Depressing film. Not what I expected. But realistic. I've met a pathological liar who managed to hurt me a great deal. Almost destroyed me. I escaped. And eventually he destroyed himself. Granted he was also bi-polar and an alcoholic, so that may have contributed to the problem. And I've managed to let go of it, and even sort of forgive him. Life dealt with him far worse than I ever could.

It is however an interesting one - in that it decides to use the unreliable narrator to frame and present the story. It just doesn't stay in that point of view long enough for it to work, I think. Not like the brilliant David Fincher film Fight Club - where we are inside an unreliable narrator who is lying to himself throughout the movie. Ian McEwan also uses the technique in Atonement. It's in The Others. And M. Night Shyalaman uses it brilliantly in The Sixth Sense.
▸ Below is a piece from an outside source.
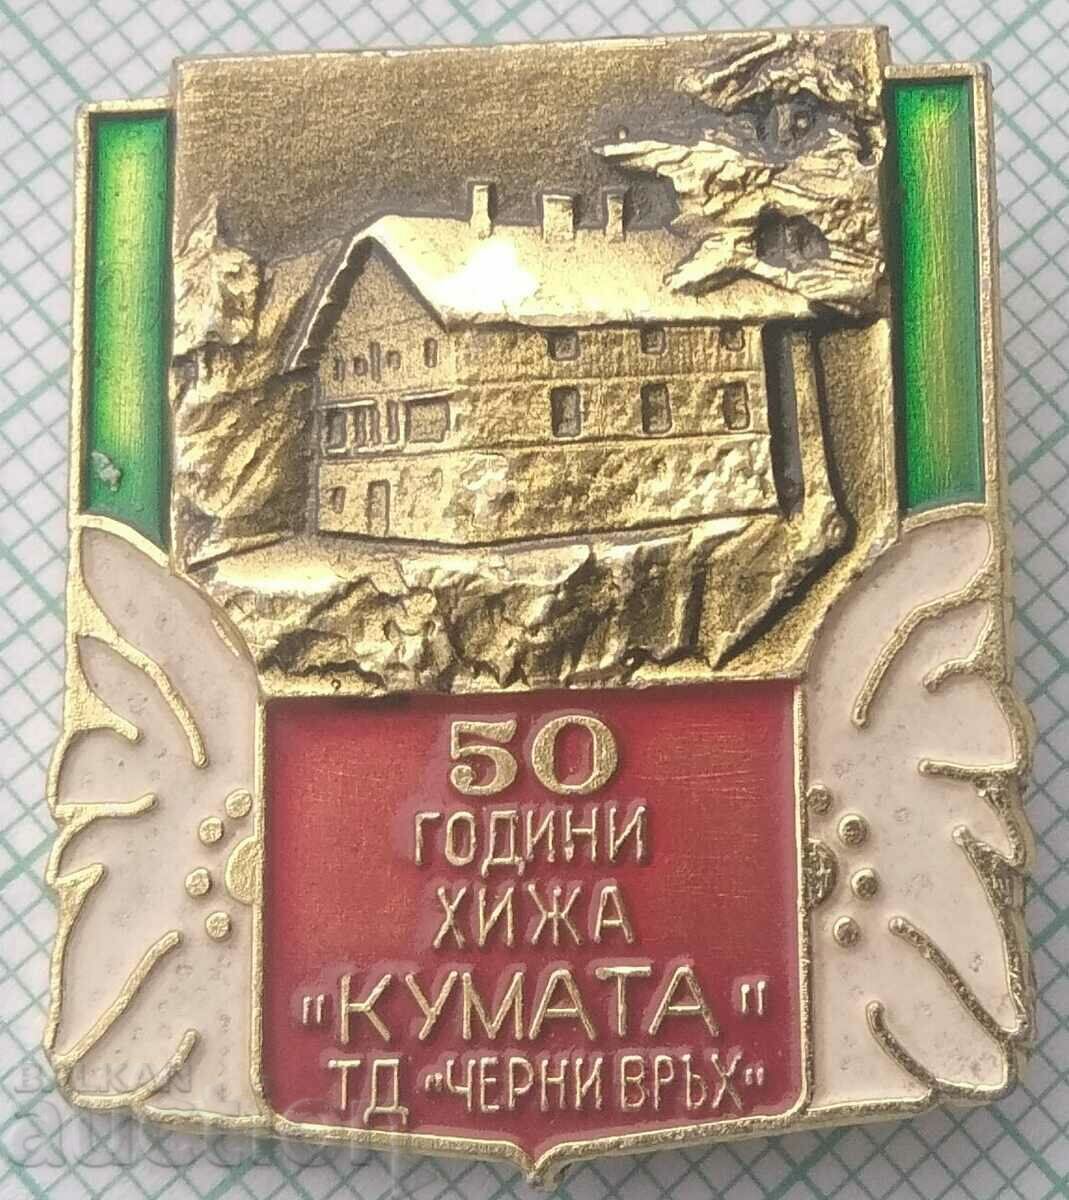 15040 Туристическо дружество Черни Връх - 50г хижа Кумата

Difficult technigue to utilize, you need a charismatic narrator in a film to pull it off, and you need to stay in that pov through out, otherwise the audience may get annoyed or confused. In the extras, the director of Shattered Glass admits that the unreliable narrator bit was tagged on at the last minute and not originally intended to frame the film - he put it there, when the original framing did not work for the studio. I'm not sure about the choice. I sort of wish he stuck with the New Republic staff telling the tale.

It's not a bad film all in all. I was entertained and found the story fascinating. But it's not a great one either. Doesn't have the grit of other journalistic films such as Absence of Malice or All The President's Men. But then it doesn't really try to be like those films. It's a small story and a small film and works as such.